On the face of it the iRiver E200 has a huge amount going in its favour. The player has a metal casing that gives it a supremely solid feel and the front is dominated by a four inch screen. As there are no hardware buttons on the front, and only a power button and control lock on the top, you may well assume that it is a touch screen device.
In fact the screen only takes up two thirds of the front and measures 2.8 inches on the diagonal with a resolution of 320 x 240, and the lower third is taken up with a panel of touch controls that you use to change settings and to select and play your videos and music.
On the bottom of the E200 there’s a headphone jack and tucked away beneath a plastic cover you’ll find a mini USB port and a MicroSD card slot so you can add to the 16GB of integrated storage. It’s worth noting that the USB connection for charging and data transfer uses a regular mini USB port rather than some horrendous proprietary connector.
When we connected the USB cable to our PC we had to select the type of connection we wanted from a list of Power+Data’, Power+Play’ or Power Only’. This is the sort of complication you get with some PC devices that doesn’t occur with iPods and other user-friendly gadgets. Once we’d selected the Power+Data’ option and seen the iRiver appear in Windows Explorer we dragged across some movie and music files.
Unfortunately we ran into all sorts of problems as AVI, MKV and WMV video files all refused to play. We wondered whether the v1.11 firmware was the source of our troubles, however iRiver firmware updater refused to run as it, amazingly, does not support the E200.
Next we used the CD that comes with the E200 to install the iRiver Plus 3 software. This is media management software that handles a number of tasks, starting with the ability to update the firmware of the E200 to v1.15 which improved the response of the E200 slightly. Once that job was complete we used iRiver Plus 3 to catalogue our media files. Music, video, photos and Ebooks each get separate tabs, which isn’t strictly necessary in our opinion but it looks neat. The software also manages the process of transferring media to the E200 and converts some files into a format that the player can understand.
Once we had selected a movie file and clicked the transfer button we found the software typically took 20 minutes to convert the movie and then a few seconds more to transfer it to the E200.

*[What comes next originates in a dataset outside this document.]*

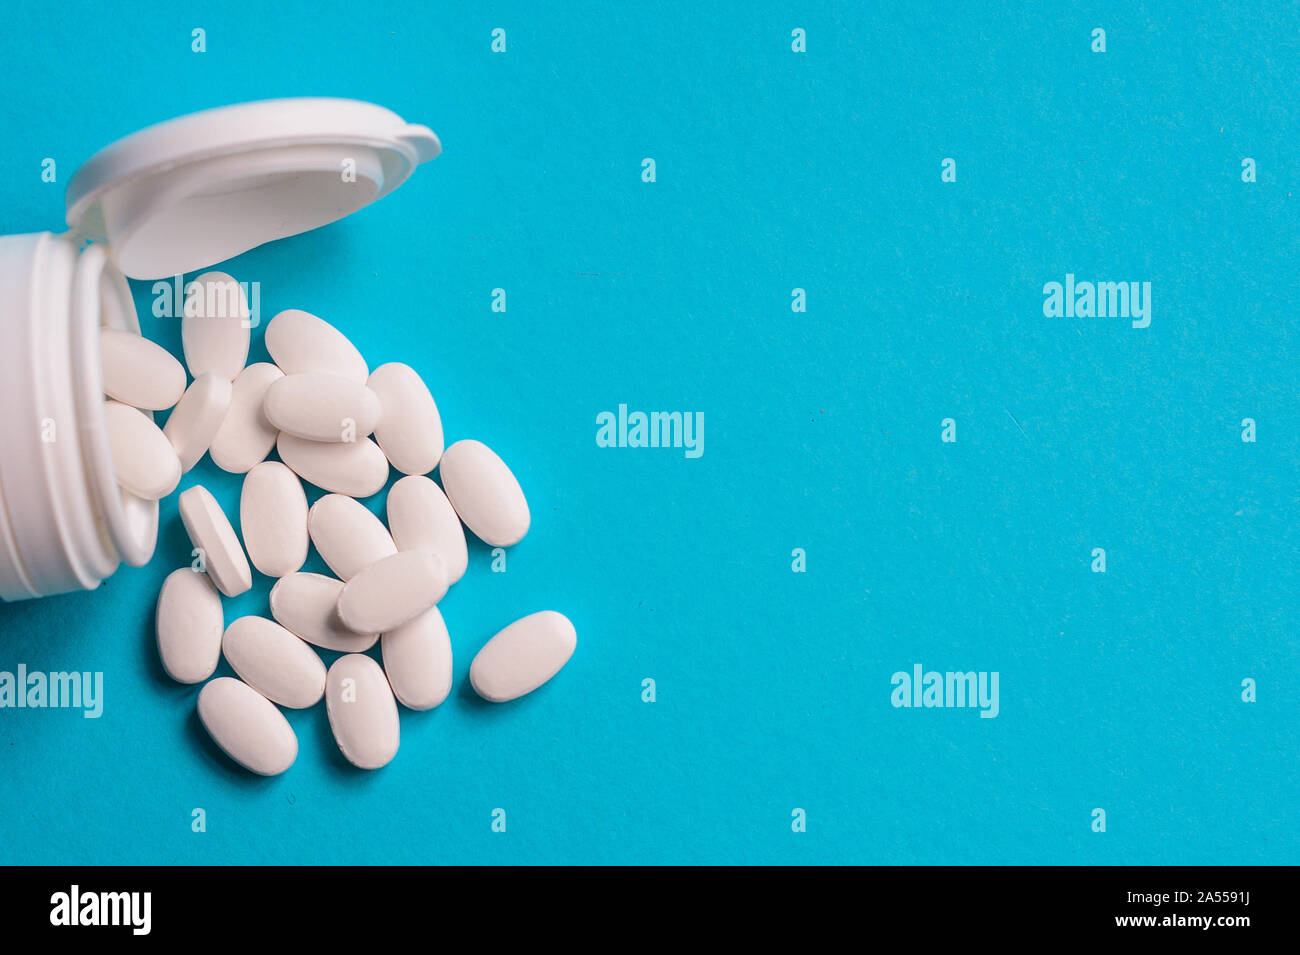 Pilules médical blanc sur fond bleu représentant le concept de soins de santé Banque D'Images

The list of file formats handled by the E200 and the conversion software include MPEG, WMV and XviD, but not AVI or MKV. Similarly, with photos you can view JPG but not BMP or GIF files. Audio support is better with MP3, WMA, OGG and FLAC playing correctly however WAV doesn’t appear to work.
The built-in battery promises up to 5.5 hours of video playback or 17 hours of music, and the quality of audio and video playback is excellent provided you use a pair of headphones. We are unsure why anyone would consider using the feeble integrated speaker.
When you turn the E200 to landscape mode to watch a movie the touch controls are positioned to the right side of the screen. That’s a convenient location however the lack of touch screen controls makes it impossible to skip part way into a movie or TV show. We feel this is a major oversight.